===== RECORDS TO PROCESS
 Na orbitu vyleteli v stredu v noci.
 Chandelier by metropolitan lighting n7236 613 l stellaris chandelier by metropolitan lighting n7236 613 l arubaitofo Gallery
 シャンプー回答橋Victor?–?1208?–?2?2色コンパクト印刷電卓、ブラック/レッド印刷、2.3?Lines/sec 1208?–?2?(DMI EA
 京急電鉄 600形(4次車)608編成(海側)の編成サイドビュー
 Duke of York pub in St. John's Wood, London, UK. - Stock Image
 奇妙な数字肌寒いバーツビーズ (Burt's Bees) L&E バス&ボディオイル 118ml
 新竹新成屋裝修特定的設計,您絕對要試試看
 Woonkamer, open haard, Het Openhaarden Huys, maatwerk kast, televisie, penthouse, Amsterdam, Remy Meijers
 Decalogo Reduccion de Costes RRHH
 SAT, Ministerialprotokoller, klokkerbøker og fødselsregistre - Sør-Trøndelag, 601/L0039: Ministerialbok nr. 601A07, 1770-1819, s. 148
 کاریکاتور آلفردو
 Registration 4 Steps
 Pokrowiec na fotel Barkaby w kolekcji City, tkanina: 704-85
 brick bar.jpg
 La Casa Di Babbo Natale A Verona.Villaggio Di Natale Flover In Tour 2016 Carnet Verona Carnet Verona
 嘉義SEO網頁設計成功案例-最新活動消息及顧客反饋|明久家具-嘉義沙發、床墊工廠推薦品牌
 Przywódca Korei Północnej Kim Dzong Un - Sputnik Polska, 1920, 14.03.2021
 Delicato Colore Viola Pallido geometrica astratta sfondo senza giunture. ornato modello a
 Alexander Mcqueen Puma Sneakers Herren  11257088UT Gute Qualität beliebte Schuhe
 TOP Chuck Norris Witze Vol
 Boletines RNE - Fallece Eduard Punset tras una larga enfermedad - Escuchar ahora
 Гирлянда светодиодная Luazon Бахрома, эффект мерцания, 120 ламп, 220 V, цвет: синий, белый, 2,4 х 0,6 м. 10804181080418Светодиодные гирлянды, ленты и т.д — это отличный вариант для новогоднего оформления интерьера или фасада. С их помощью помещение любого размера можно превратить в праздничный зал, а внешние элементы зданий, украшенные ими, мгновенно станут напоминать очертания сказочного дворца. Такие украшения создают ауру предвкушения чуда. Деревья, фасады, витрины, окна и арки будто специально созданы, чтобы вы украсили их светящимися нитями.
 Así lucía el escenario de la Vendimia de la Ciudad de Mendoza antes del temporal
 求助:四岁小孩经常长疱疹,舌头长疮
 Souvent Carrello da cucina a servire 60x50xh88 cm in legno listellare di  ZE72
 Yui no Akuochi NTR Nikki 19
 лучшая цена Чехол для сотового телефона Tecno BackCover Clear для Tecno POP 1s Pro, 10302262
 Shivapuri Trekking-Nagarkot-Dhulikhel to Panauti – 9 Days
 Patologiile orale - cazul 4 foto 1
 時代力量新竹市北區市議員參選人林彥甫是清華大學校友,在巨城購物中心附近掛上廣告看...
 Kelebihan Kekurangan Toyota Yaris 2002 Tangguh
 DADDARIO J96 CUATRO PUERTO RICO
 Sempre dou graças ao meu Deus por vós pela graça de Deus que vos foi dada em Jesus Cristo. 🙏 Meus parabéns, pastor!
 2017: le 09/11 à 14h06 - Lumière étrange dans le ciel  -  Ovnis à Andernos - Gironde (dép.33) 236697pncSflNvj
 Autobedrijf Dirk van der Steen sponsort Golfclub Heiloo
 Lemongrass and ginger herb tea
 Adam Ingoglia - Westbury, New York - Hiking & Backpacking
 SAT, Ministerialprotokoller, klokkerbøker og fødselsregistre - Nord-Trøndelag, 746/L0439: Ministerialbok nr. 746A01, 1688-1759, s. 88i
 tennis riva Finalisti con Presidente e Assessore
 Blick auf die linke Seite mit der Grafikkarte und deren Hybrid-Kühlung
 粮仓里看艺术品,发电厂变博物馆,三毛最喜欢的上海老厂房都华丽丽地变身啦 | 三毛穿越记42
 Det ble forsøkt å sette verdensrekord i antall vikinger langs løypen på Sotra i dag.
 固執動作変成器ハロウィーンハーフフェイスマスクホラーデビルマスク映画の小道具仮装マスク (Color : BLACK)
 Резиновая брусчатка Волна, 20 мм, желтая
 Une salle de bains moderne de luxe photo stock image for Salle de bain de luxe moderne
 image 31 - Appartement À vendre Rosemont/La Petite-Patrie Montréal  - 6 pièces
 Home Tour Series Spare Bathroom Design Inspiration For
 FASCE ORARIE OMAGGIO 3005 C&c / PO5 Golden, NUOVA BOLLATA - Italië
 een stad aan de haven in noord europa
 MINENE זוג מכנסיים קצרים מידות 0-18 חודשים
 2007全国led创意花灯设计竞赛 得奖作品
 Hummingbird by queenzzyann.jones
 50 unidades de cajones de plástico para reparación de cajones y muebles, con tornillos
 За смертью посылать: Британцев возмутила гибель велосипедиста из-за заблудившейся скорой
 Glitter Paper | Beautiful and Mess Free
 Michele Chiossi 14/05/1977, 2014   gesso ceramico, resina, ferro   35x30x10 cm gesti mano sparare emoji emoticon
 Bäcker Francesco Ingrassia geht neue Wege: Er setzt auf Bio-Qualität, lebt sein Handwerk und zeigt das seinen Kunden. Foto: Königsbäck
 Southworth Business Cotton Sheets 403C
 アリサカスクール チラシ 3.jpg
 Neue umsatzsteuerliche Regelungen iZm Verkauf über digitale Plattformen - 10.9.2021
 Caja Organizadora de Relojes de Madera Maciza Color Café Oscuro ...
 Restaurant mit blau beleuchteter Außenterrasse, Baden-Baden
==========
■ EXERCISE PROMPT
Reproduce each of the records word for word.

■ TASK ANSWER
 Na orbitu vyleteli v stredu v noci.
 Chandelier by metropolitan lighting n7236 613 l stellaris chandelier by metropolitan lighting n7236 613 l arubaitofo Gallery
 シャンプー回答橋Victor?–?1208?–?2?2色コンパクト印刷電卓、ブラック/レッド印刷、2.3?Lines/sec 1208?–?2?(DMI EA
 京急電鉄 600形(4次車)608編成(海側)の編成サイドビュー
 Duke of York pub in St. John's Wood, London, UK. - Stock Image
 奇妙な数字肌寒いバーツビーズ (Burt's Bees) L&E バス&ボディオイル 118ml
 新竹新成屋裝修特定的設計,您絕對要試試看
 Woonkamer, open haard, Het Openhaarden Huys, maatwerk kast, televisie, penthouse, Amsterdam, Remy Meijers
 Decalogo Reduccion de Costes RRHH
 SAT, Ministerialprotokoller, klokkerbøker og fødselsregistre - Sør-Trøndelag, 601/L0039: Ministerialbok nr. 601A07, 1770-1819, s. 148
 کاریکاتور آلفردو
 Registration 4 Steps
 Pokrowiec na fotel Barkaby w kolekcji City, tkanina: 704-85
 brick bar.jpg
 La Casa Di Babbo Natale A Verona.Villaggio Di Natale Flover In Tour 2016 Carnet Verona Carnet Verona
 嘉義SEO網頁設計成功案例-最新活動消息及顧客反饋|明久家具-嘉義沙發、床墊工廠推薦品牌
 Przywódca Korei Północnej Kim Dzong Un - Sputnik Polska, 1920, 14.03.2021
 Delicato Colore Viola Pallido geometrica astratta sfondo senza giunture. ornato modello a
 Alexander Mcqueen Puma Sneakers Herren  11257088UT Gute Qualität beliebte Schuhe
 TOP Chuck Norris Witze Vol
 Boletines RNE - Fallece Eduard Punset tras una larga enfermedad - Escuchar ahora
 Гирлянда светодиодная Luazon Бахрома, эффект мерцания, 120 ламп, 220 V, цвет: синий, белый, 2,4 х 0,6 м. 10804181080418Светодиодные гирлянды, ленты и т.д — это отличный вариант для новогоднего оформления интерьера или фасада. С их помощью помещение любого размера можно превратить в праздничный зал, а внешние элементы зданий, украшенные ими, мгновенно станут напоминать очертания сказочного дворца. Такие украшения создают ауру предвкушения чуда. Деревья, фасады, витрины, окна и арки будто специально созданы, чтобы вы украсили их светящимися нитями.
 Así lucía el escenario de la Vendimia de la Ciudad de Mendoza antes del temporal
 求助:四岁小孩经常长疱疹,舌头长疮
 Souvent Carrello da cucina a servire 60x50xh88 cm in legno listellare di  ZE72
 Yui no Akuochi NTR Nikki 19
 лучшая цена Чехол для сотового телефона Tecno BackCover Clear для Tecno POP 1s Pro, 10302262
 Shivapuri Trekking-Nagarkot-Dhulikhel to Panauti – 9 Days
 Patologiile orale - cazul 4 foto 1
 時代力量新竹市北區市議員參選人林彥甫是清華大學校友,在巨城購物中心附近掛上廣告看...
 Kelebihan Kekurangan Toyota Yaris 2002 Tangguh
 DADDARIO J96 CUATRO PUERTO RICO
 Sempre dou graças ao meu Deus por vós pela graça de Deus que vos foi dada em Jesus Cristo. 🙏 Meus parabéns, pastor!
 2017: le 09/11 à 14h06 - Lumière étrange dans le ciel  -  Ovnis à Andernos - Gironde (dép.33) 236697pncSflNvj
 Autobedrijf Dirk van der Steen sponsort Golfclub Heiloo
 Lemongrass and ginger herb tea
 Adam Ingoglia - Westbury, New York - Hiking & Backpacking
 SAT, Ministerialprotokoller, klokkerbøker og fødselsregistre - Nord-Trøndelag, 746/L0439: Ministerialbok nr. 746A01, 1688-1759, s. 88i
 tennis riva Finalisti con Presidente e Assessore
 Blick auf die linke Seite mit der Grafikkarte und deren Hybrid-Kühlung
 粮仓里看艺术品,发电厂变博物馆,三毛最喜欢的上海老厂房都华丽丽地变身啦 | 三毛穿越记42
 Det ble forsøkt å sette verdensrekord i antall vikinger langs løypen på Sotra i dag.
 固執動作変成器ハロウィーンハーフフェイスマスクホラーデビルマスク映画の小道具仮装マスク (Color : BLACK)
 Резиновая брусчатка Волна, 20 мм, желтая
 Une salle de bains moderne de luxe photo stock image for Salle de bain de luxe moderne
 image 31 - Appartement À vendre Rosemont/La Petite-Patrie Montréal  - 6 pièces
 Home Tour Series Spare Bathroom Design Inspiration For
 FASCE ORARIE OMAGGIO 3005 C&c / PO5 Golden, NUOVA BOLLATA - Italië
 een stad aan de haven in noord europa
 MINENE זוג מכנסיים קצרים מידות 0-18 חודשים
 2007全国led创意花灯设计竞赛 得奖作品
 Hummingbird by queenzzyann.jones
 50 unidades de cajones de plástico para reparación de cajones y muebles, con tornillos
 За смертью посылать: Британцев возмутила гибель велосипедиста из-за заблудившейся скорой
 Glitter Paper | Beautiful and Mess Free
 Michele Chiossi 14/05/1977, 2014   gesso ceramico, resina, ferro   35x30x10 cm gesti mano sparare emoji emoticon
 Bäcker Francesco Ingrassia geht neue Wege: Er setzt auf Bio-Qualität, lebt sein Handwerk und zeigt das seinen Kunden. Foto: Königsbäck
 Southworth Business Cotton Sheets 403C
 アリサカスクール チラシ 3.jpg
 Neue umsatzsteuerliche Regelungen iZm Verkauf über digitale Plattformen - 10.9.2021
 Caja Organizadora de Relojes de Madera Maciza Color Café Oscuro ...
 Restaurant mit blau beleuchteter Außenterrasse, Baden-Baden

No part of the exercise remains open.